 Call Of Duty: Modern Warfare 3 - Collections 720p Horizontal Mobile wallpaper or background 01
--
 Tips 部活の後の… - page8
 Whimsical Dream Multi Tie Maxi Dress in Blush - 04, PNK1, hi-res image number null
==
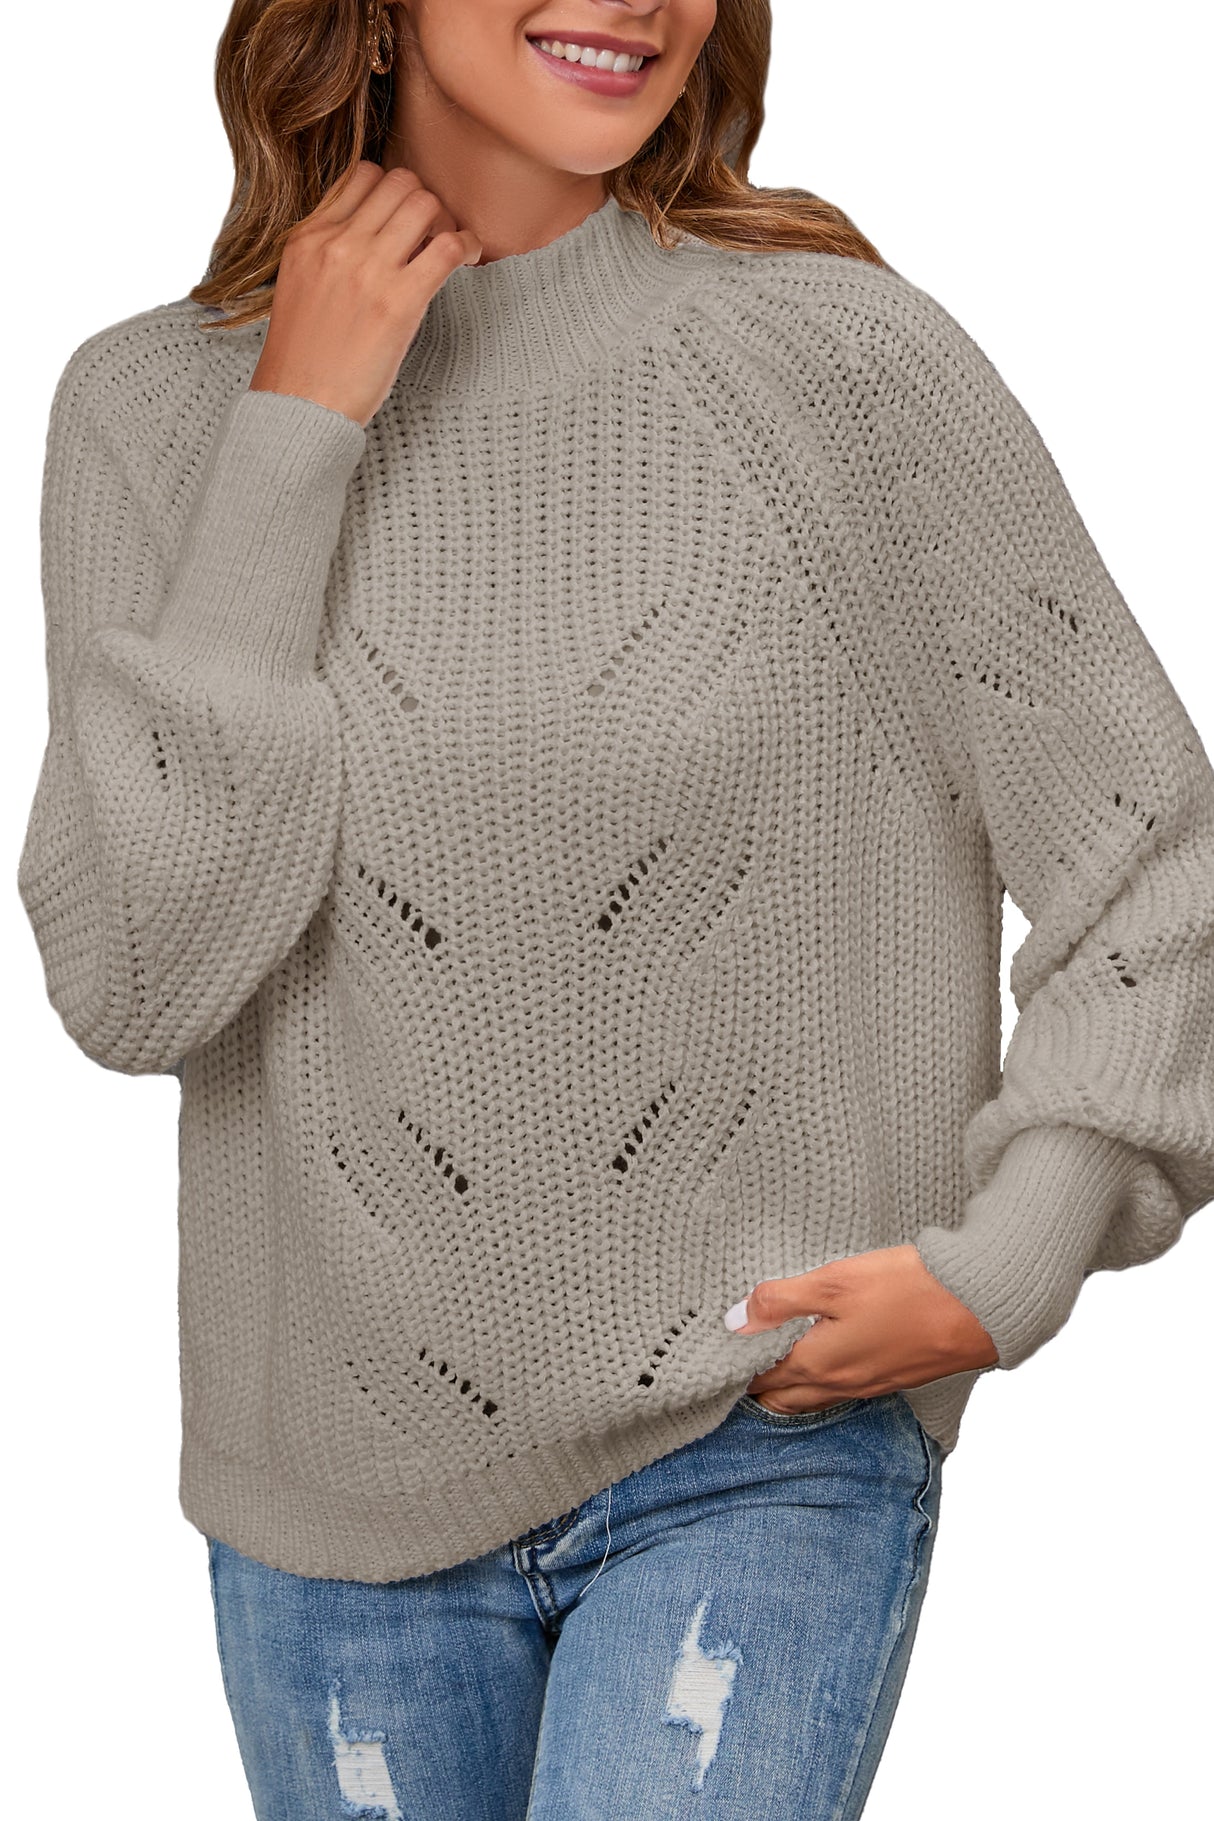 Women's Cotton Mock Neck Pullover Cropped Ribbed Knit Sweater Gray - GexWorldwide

Directions
Give only the lines from the one holding "Tips 部活の後の… - page8" through the one holding "Whimsical Dream Multi", each restated exactly as it appears above.

Problem solution
 Tips 部活の後の… - page8
 Whimsical Dream Multi Tie Maxi Dress in Blush - 04, PNK1, hi-res image number null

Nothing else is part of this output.